Content Dependent Quality Measures for Image Fusion

  • M. Seetha Dept of C.S.E, C.B.I.T, Gandipet, Hyderabad, Andhra Pradesh, India
  • I.V. MuraliKrishna R and D, JNTU, Kukatpalli, Hyderabad, Andhra Pradesh, India
  • B.L. Deekshatulu HCU, Hyderabad, India


Satellite images acquired form sensors exhibit either good spectral characteristics (multispectral data) or high spatial characteristics (panchromatic data) in remote sensing. Image fusion is imperative to enhance the interpretation quality of images. The quality evaluation of the decisive fused image is a difficult task in the realm of remote sensing, due to unavailability of a reference image general. An attempt through this study is made, to obtain the objective measurements using content based segmentation for evaluating the performance of the fused images. The spectral and spatial changes for each region and the signal to noise ratio between the original multispectral image and the fused image are used to assess the performance of the fusion technique.
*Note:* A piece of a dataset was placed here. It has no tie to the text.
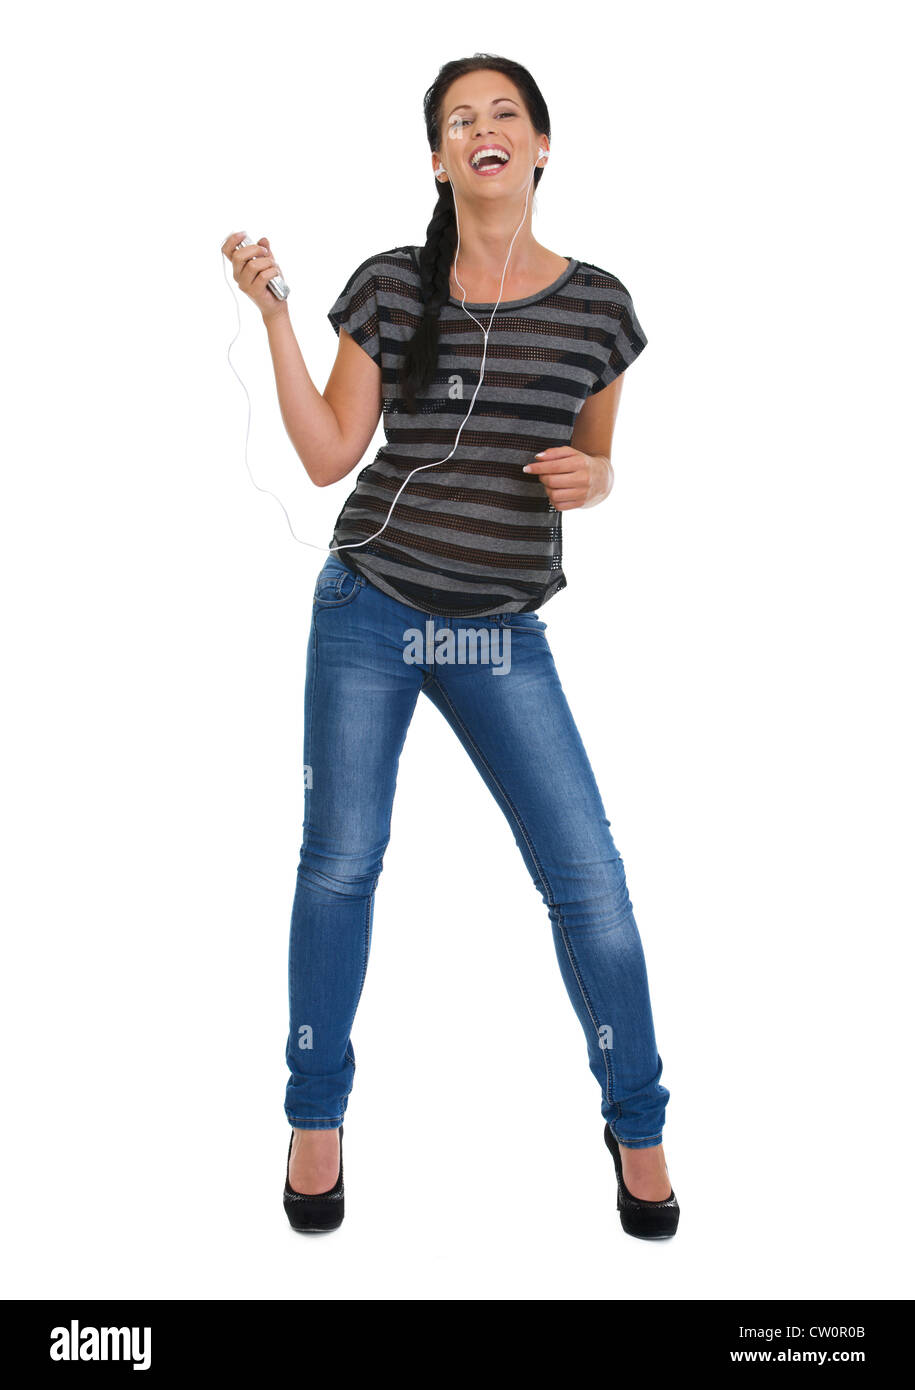 Full length portrait of happy girl with headphones dancing Stock Photo

Most commonly used fusion techniques such as Principal component analysis, Multiplicative merge, Brovey transform and Lifting Wavelet transform are evaluated using the proposed approach. The results illustrate that the content based segmentation is objective and any priori information is not a requisite. The performance evaluation ascertains that Lifting Wavelet transform outperforms the other fusion techniques.